* _Data for processing_:
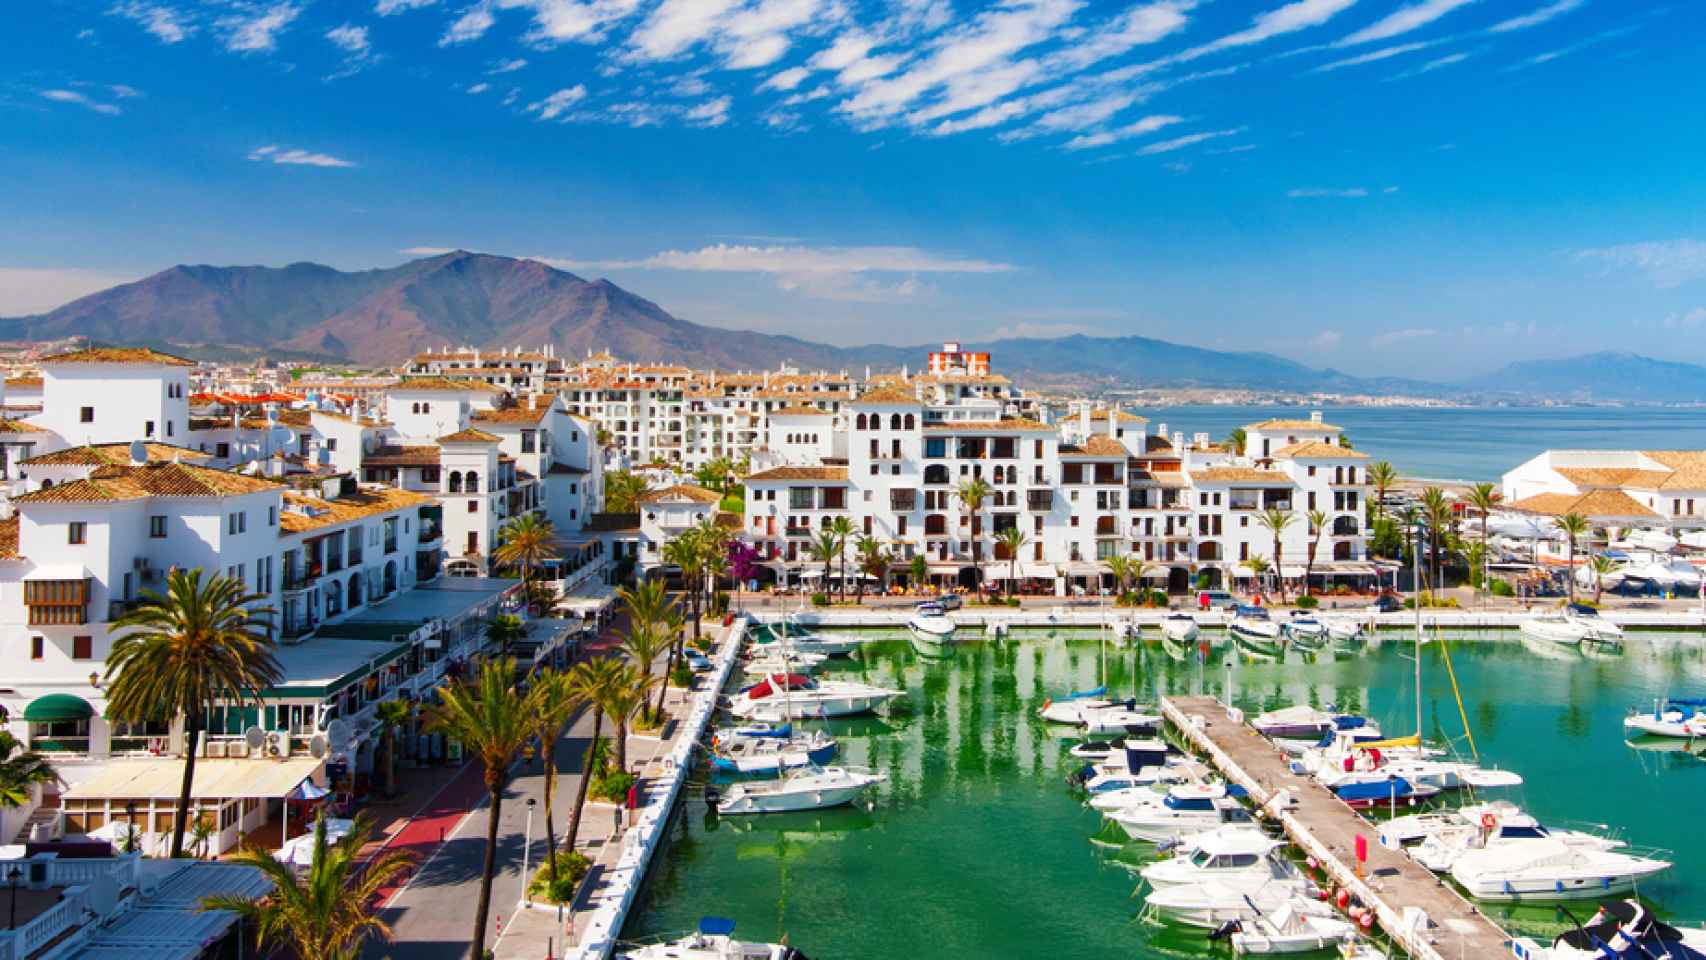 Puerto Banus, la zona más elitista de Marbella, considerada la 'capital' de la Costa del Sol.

---

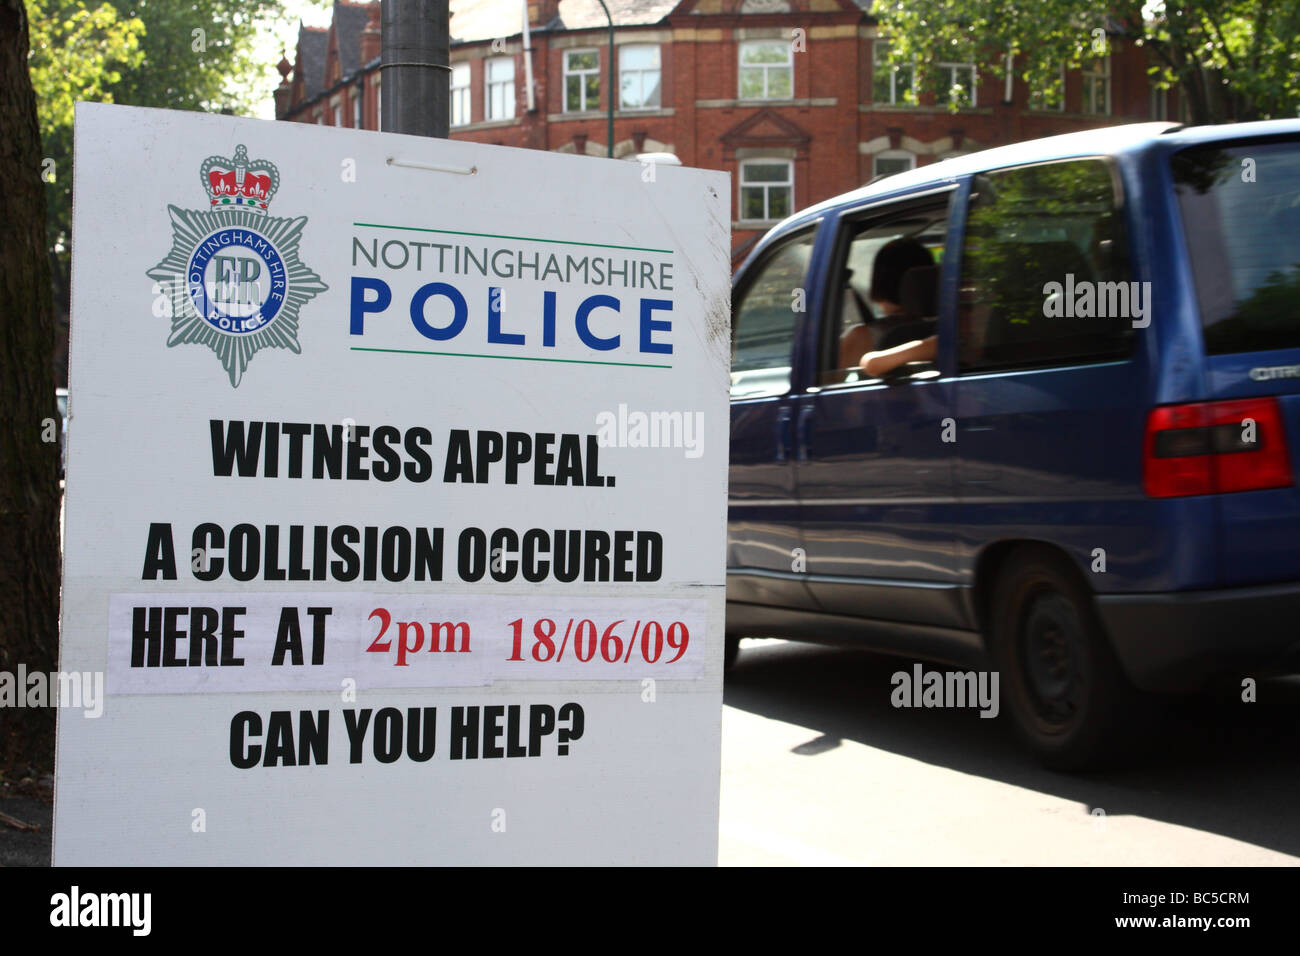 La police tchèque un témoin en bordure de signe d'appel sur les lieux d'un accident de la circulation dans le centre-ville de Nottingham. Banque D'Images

* * *

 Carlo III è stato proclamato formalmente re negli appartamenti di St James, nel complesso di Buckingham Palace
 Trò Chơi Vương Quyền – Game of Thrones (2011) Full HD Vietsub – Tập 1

* _Exercise objective_: From the records above, transcribe exactly the run of lines that opens with the line holding "Carlo III è" and closes with the line holding "Trò Chơi Vương", both included.

* _Solution to the exercise_:
 Carlo III è stato proclamato formalmente re negli appartamenti di St James, nel complesso di Buckingham Palace
 Trò Chơi Vương Quyền – Game of Thrones (2011) Full HD Vietsub – Tập 1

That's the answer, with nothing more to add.